- Georgemas Location within the Caithness area
- Council area: Highland;
- Lieutenancy area: Caithness;
- Country: Scotland
- Sovereign state: United Kingdom
- Post town: HALKIRK
- Postcode district: KW12
- Dialling code: 01847
- Police: Scotland
- Fire: Scottish
- Ambulance: Scottish
- UK Parliament: Caithness, Sutherland and Easter Ross;
- Scottish Parliament: Caithness, Sutherland and Ross constituency in the Highlands and Islands electoral region;

= Georgemas =

Georgemas is an area in the county of Caithness, in the Highland area of Scotland, about 8 km south of the town of Thurso and about two kilometres (one mile) east of the village of Halkirk.

The area is served also by the A9, A882 and B874 roads. The A9 has a junction with the A882 in the area and forms a crossroads with the B874.

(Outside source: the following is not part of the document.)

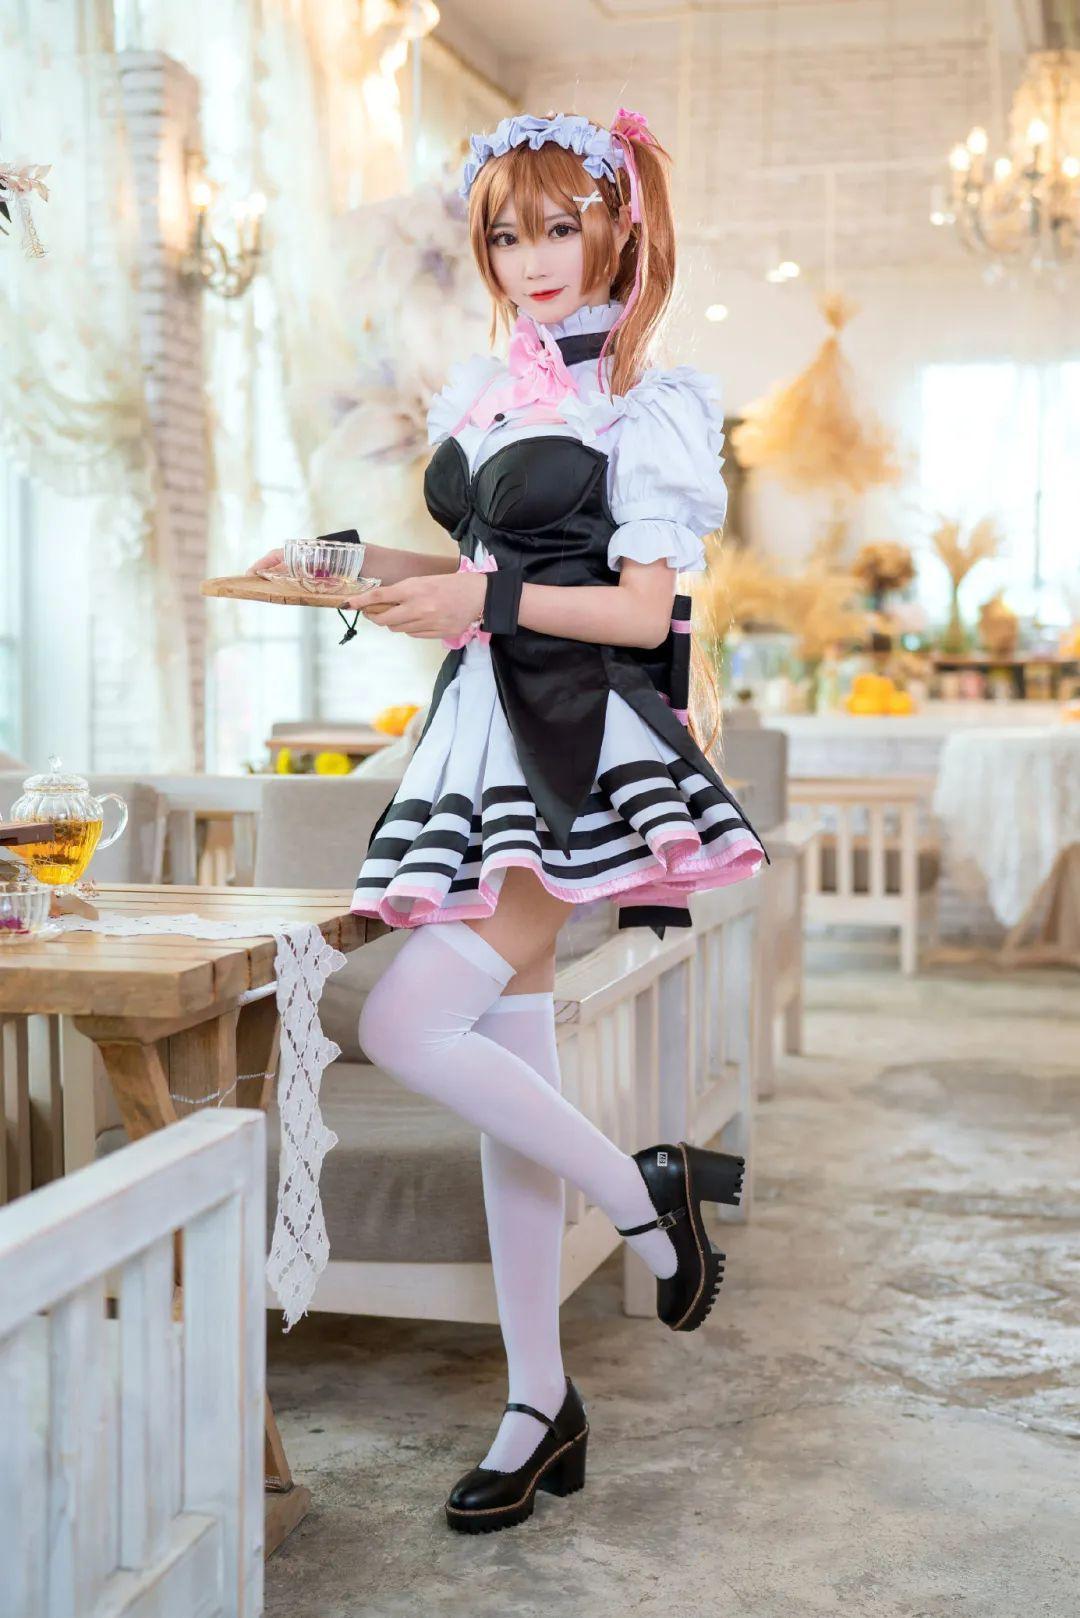 妹子摄影 – 白丝袜细腿 水手服元气少女_图片 No.5
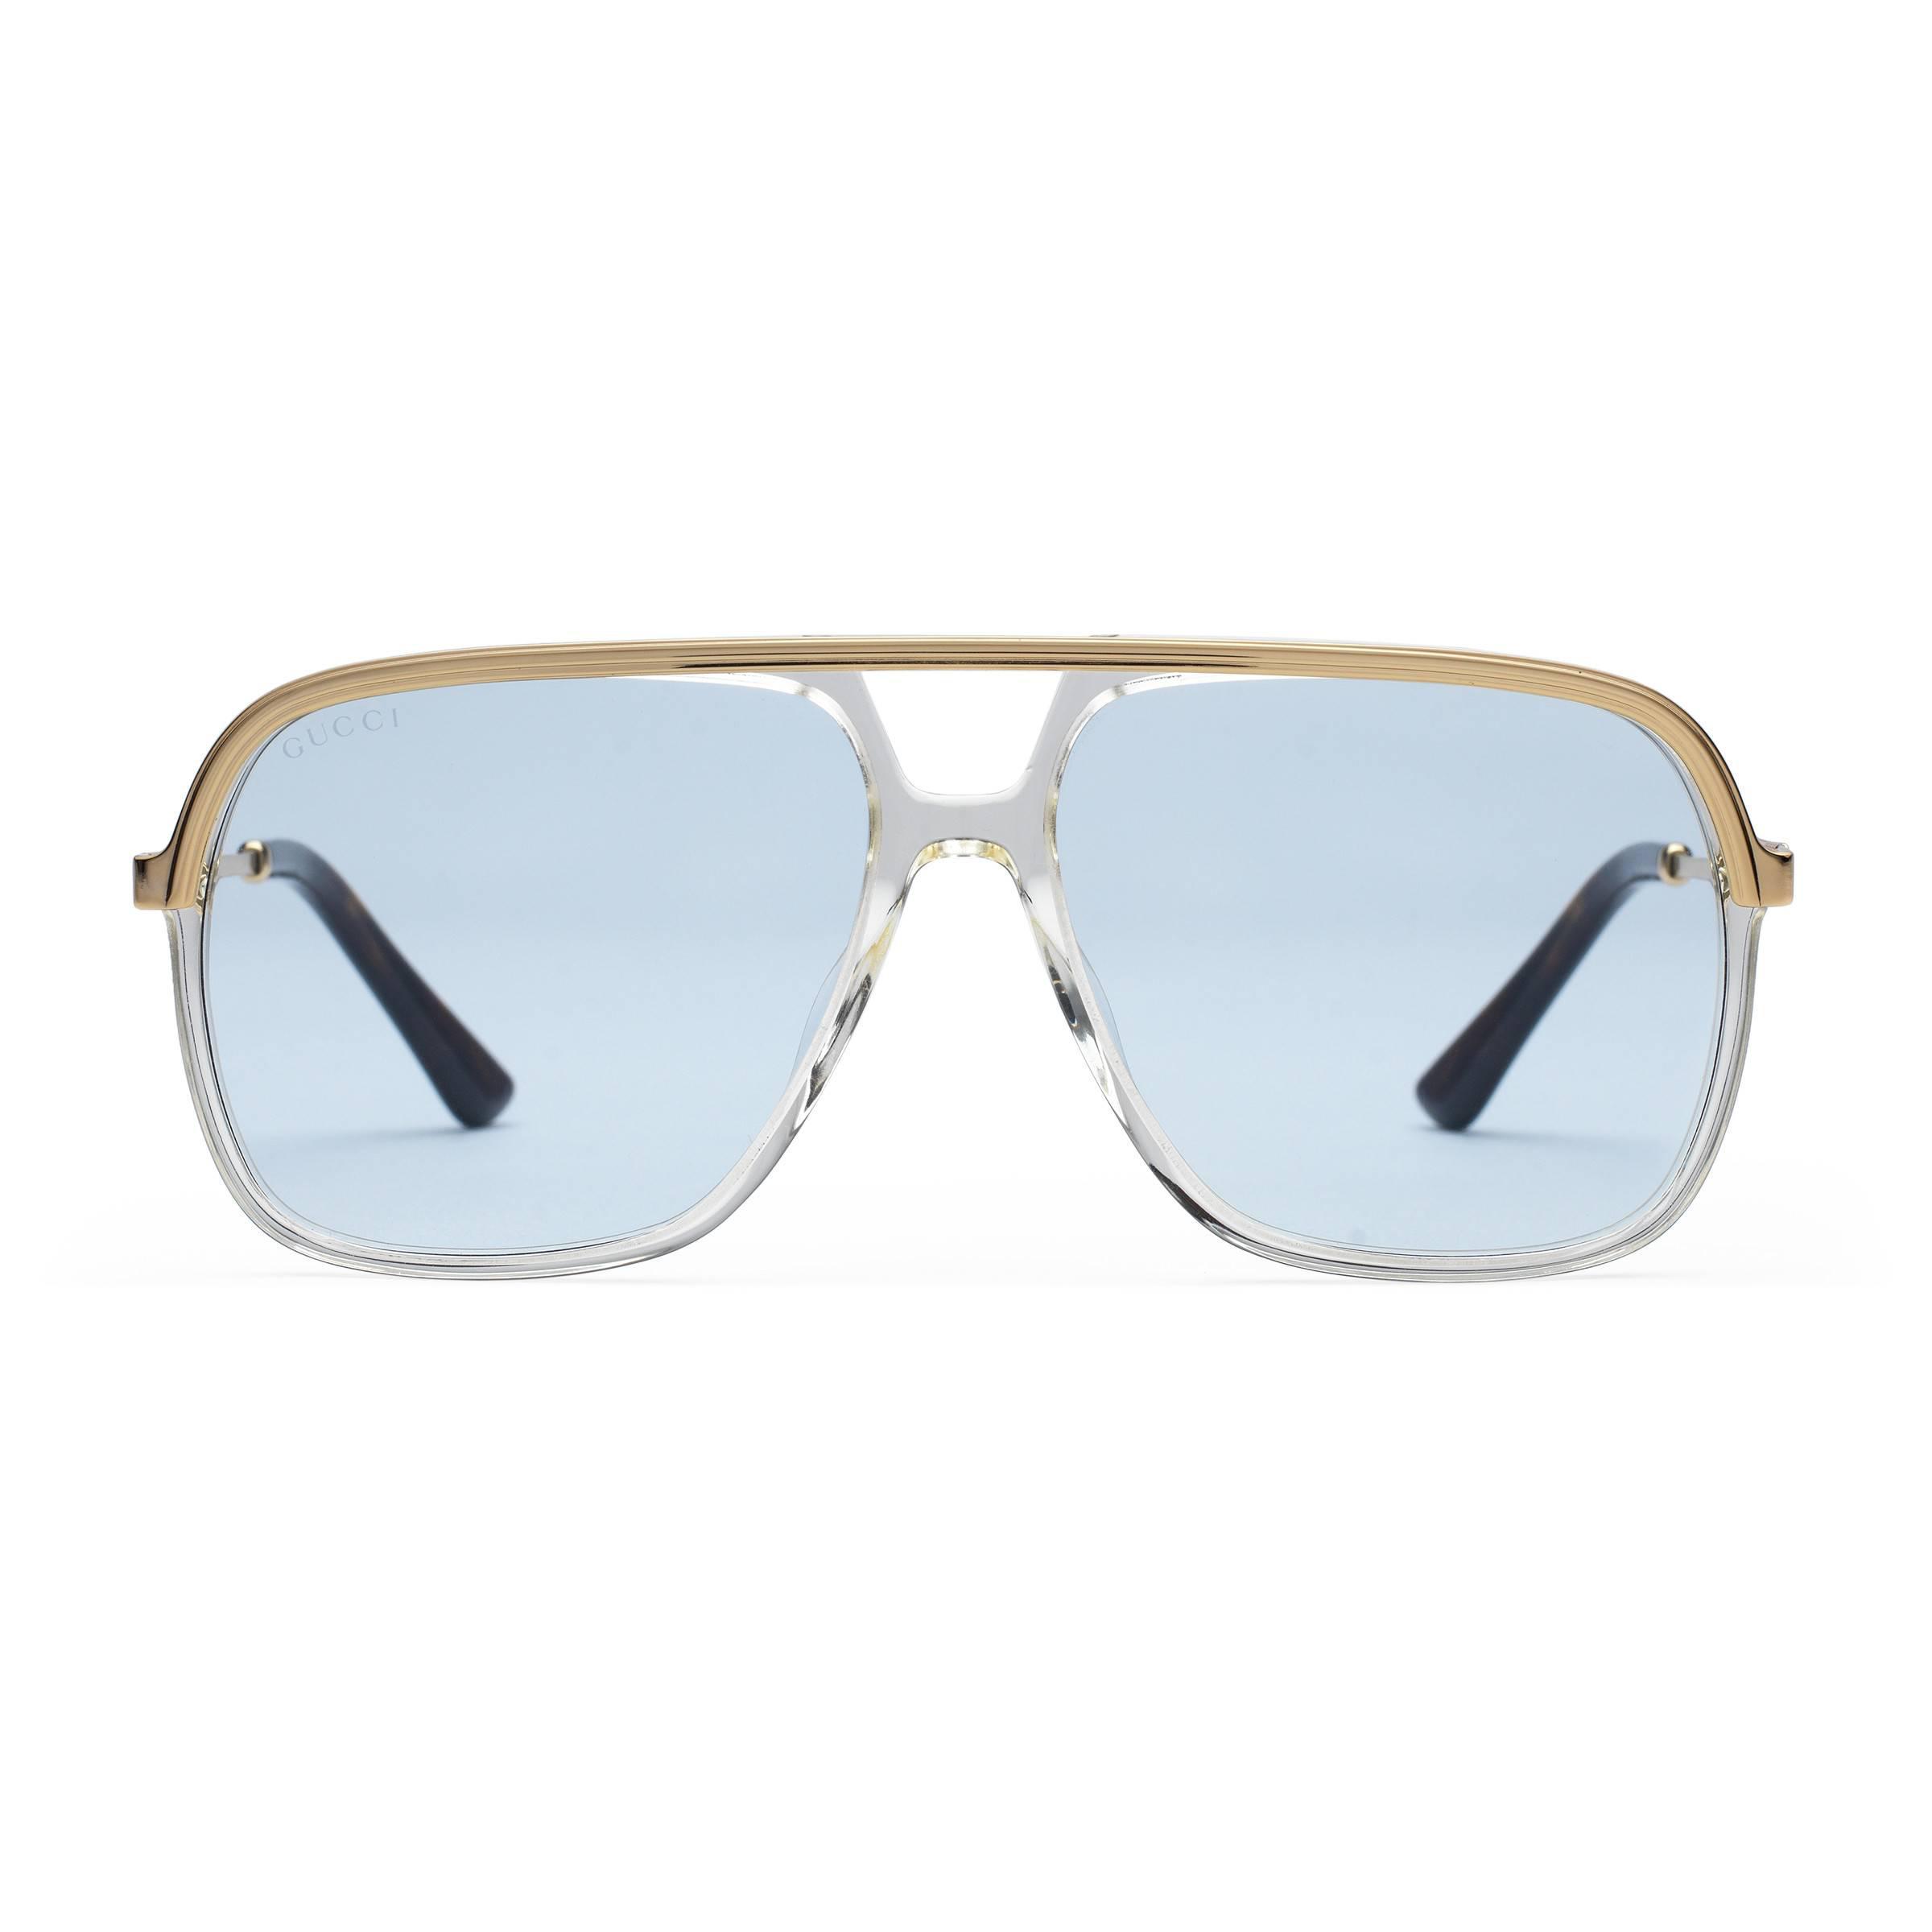 4ef1dee7bcf137 Lyst - Lunettes de soleil rectangulaires en métal Gucci pour homme ...

The name Georgemas is that of a now historic St George's Day agricultural fair which was held in the area, on Sordale Hill. Georgemas Junction, the station name, dates from 1874.

==Rail transport==
Georgemas has no real town or village centre of its own but it does have an unstaffed railway station called Georgemas Junction. The station is on the picturesque Far North Line and is the junction for the Wick and Thurso lines. It is located east of Scotscalder, west of Wick and south of Thurso. The station is managed by ScotRail.